Wilson, M.

Status and Trends of Bonaire’s Reefs in 2017: Clear signs of resilience

The “resilience” of coral reef ecosystems has been an important goal of managers and policy makers for decades. At its most basic level, resilience means that if coral reefs suffer damage from say a hurricane or bleaching mortality event, they will recover to their previous state. Remarkably, this has never been documented for any coral reef ecosystem in the Caribbean.

In a highly cited scientific study entitled: “Disturbance and recovery of coral assemblages” (Connell 1997) all existing data on trends of coral reefs world-wide were reviewed but no examples of coral reefs recovering from disturbance in the Caribbean were found (Fig. 1).

Several important studies have documented the decline of coral reef ecosystems in the Caribbean (Gardiner et al. 2003, Jackson et al. 2014) and in the tropical Pacific (Bruno and Selig 2007). The global decline of coral reefs was the impetus for very high impact scientific papers with titles such as “Confronting the coral reef crisis” (Bellwood et al. 2004) and “Rising to the challenge of sustaining coral reef resilience” (Hughes et al. 2010) or specifically asking the shocking question: “Are U.S. coral reefs on the slippery slope to slime?” (Pandolfi et al. 2005). These alarming titles and the associated press coverage caught the attention of managers and policy makers but to date there has been little progress operationalizing coral reef management for resilience.

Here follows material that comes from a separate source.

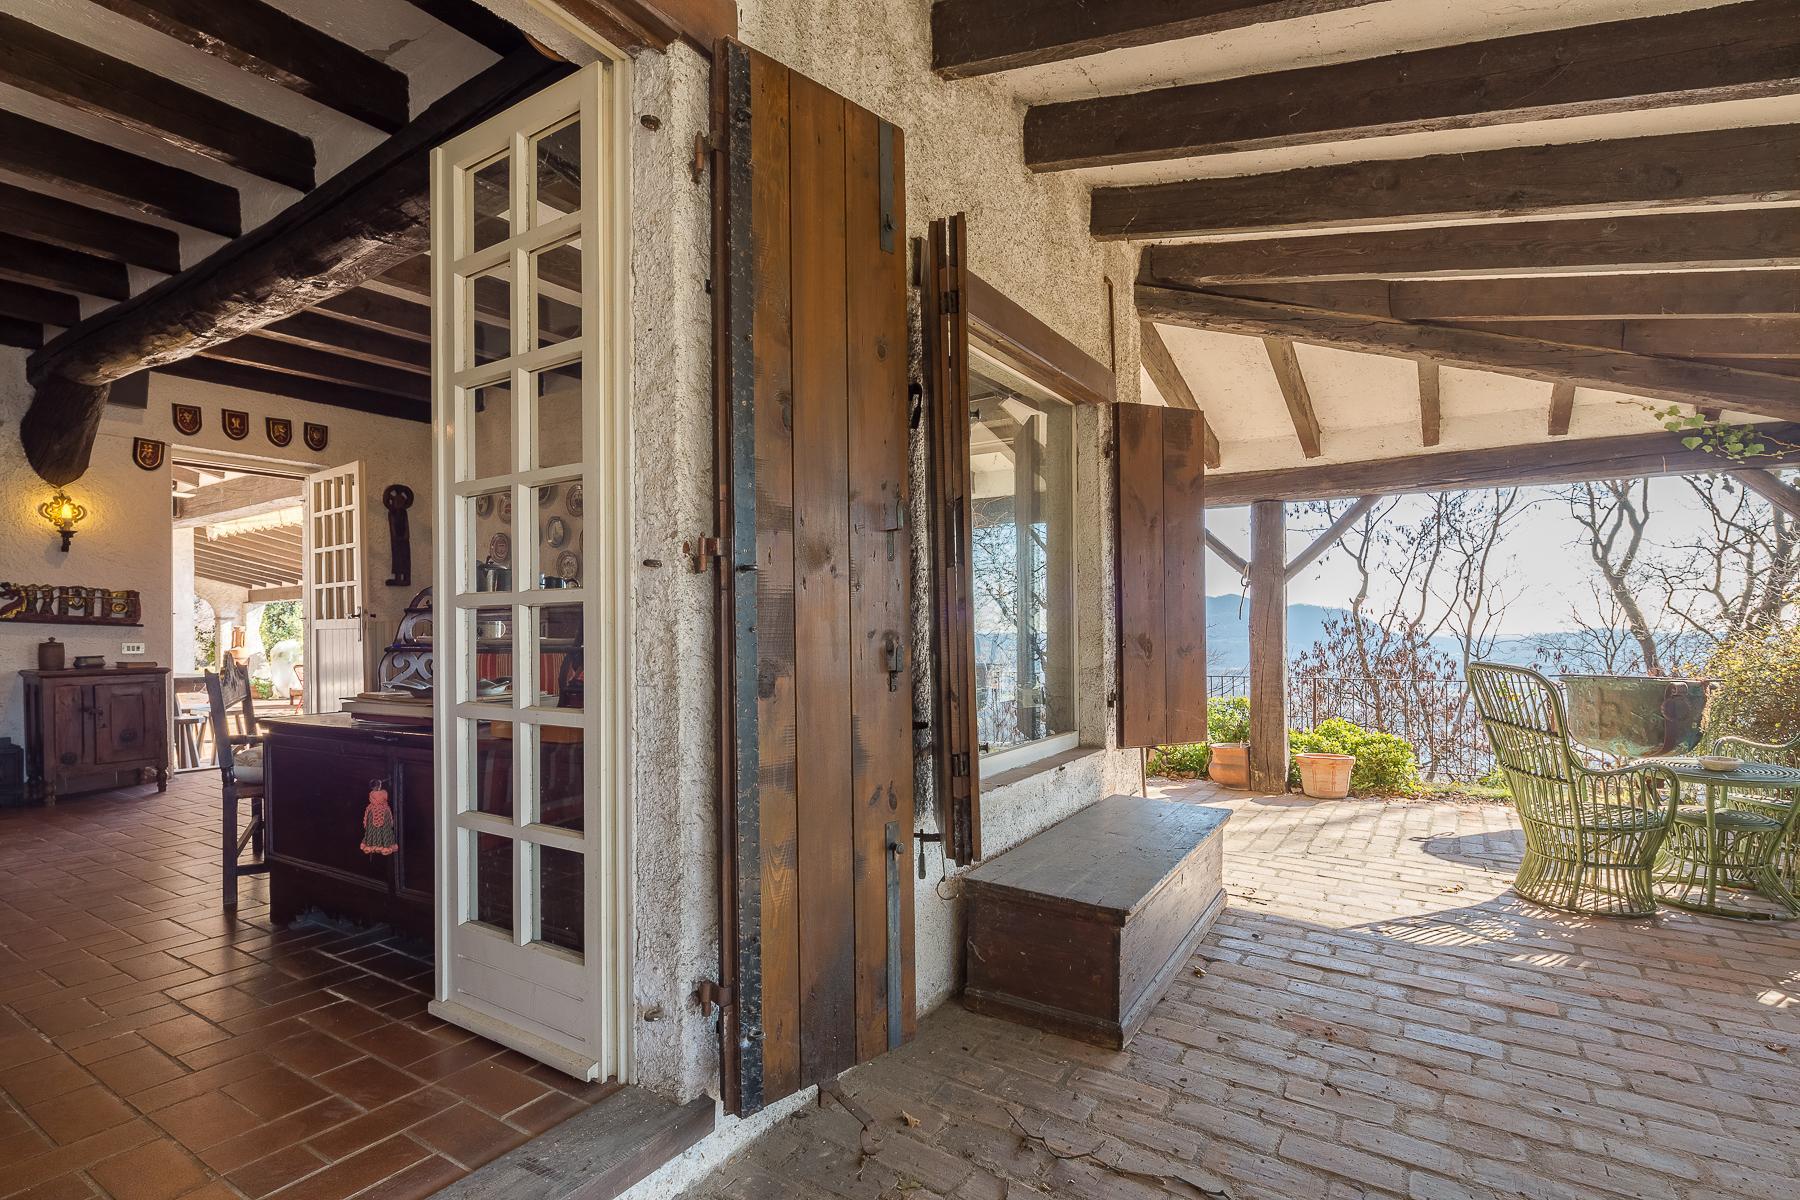 Bella villa con giardino e vista mozzafiato - 11

Nevertheless, some studies gave clear advice to managers such as, “Capturing the cornerstones of coral reef resilience, linking theory to practice” (Nyström et al 2008). In that paper, the authors proposed that research identify:

“...empirical indicators of the cornerstones of coral reef resilience. These indicators include functional group approaches” ... “identifying ‘good’ and ‘bad’ colonizers of space, measurements of spatial heterogeneity, and estimates of potential space availability against grazing capacity. The essence of these operational indicators of resilience is to use them as predictive tools to recognize vulnerability before disturbance occurs that may lead to abrupt phase shifts [of coral loss and seaweed increase]. Moving toward operationalizing resilience theory is imperative to the successful management of coral reefs in an increasingly disturbed and human-dominated environment.”

The Nyström et al. 2008 quote describes precisely the approach we have taken since our reef monitoring began in Bonaire in 2003. In 2005, the Bonaire National Marine Park asked for advice on developing a monitoring program, to which we advocated three points: 1) keep monitoring data simple, 2) focus on known drivers and indicators of reef health and 3) monitor trends among those drivers.

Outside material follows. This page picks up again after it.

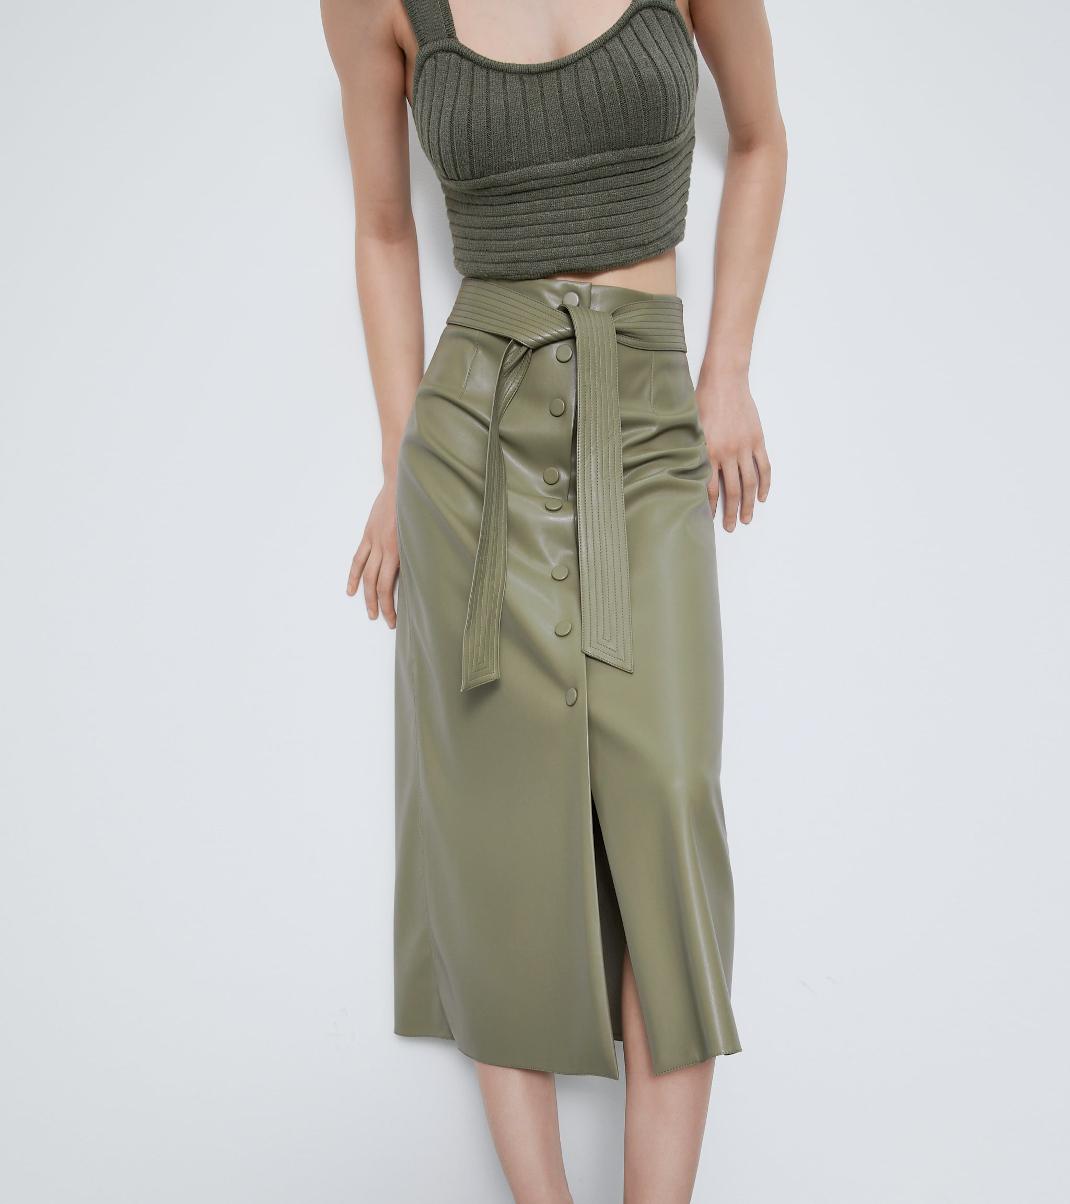 μοντέλο με φούστα Zara

Although coral reefs are complex ecosystems, relatively few “drivers” control much of their structure and how they function. “Drivers” are key processes that control critically important aspects of coral reefs. Several processes can interact with one another (Fig. 2). For example seaweed (also called “macroalgae”) are known to poison corals (Rasher and Hay 2010) and reduce or halt the settlement and survival of juvenile corals (Arnold et al. 2010, Steneck et al. 2014). It has also been shown that herbivorous fishes are capable of reducing or eliminating macroalgae from coral reefs (Lewis 1986, Williams and Polunin 2001). Thus herbivores such as parrotfish enable the recruitment of reef corals, reduce toxic seaweed and facilitate the growth of complex coral habitats into which juvenile reef fish recruit (Caselle and Warner 1996). These drivers and their interactions have been viewed as integral to a complex system of feedbacks that maintain healthy coral reefs (Fig. 2: Mumby and Steneck 2008); they are the “cornerstones” advocated by Nystrom et al. (2008).

Evaluating key drivers of coral reef health and resilience identified in Fig. 2 is complicated because all components interact. Therefore, it is difficult or impossible to define a specific level as being particularly healthy or unhealthy for any given coral reef. Instead, our monitoring protocol measures components to determine changes through time. This is because there is a consensus on trends that constitute healthy trajectories in reef condition. For example, trends of increasing live coral cover or decreasing macroalgal abundance are both moving towards improved conditions (Fig. 3). This allows us to create a very simple means of reporting condition and monitoring trends in key drivers. Importantly, this approach was developed explicitly in the 2005 Bonaire report and has been applied semiannually ever since. All semiannual Bonaire Reports beginning in 2003 are available via STINAPA’s website (http://stinapabonaire.org/nature/coral-reefs-adjacent-waters/).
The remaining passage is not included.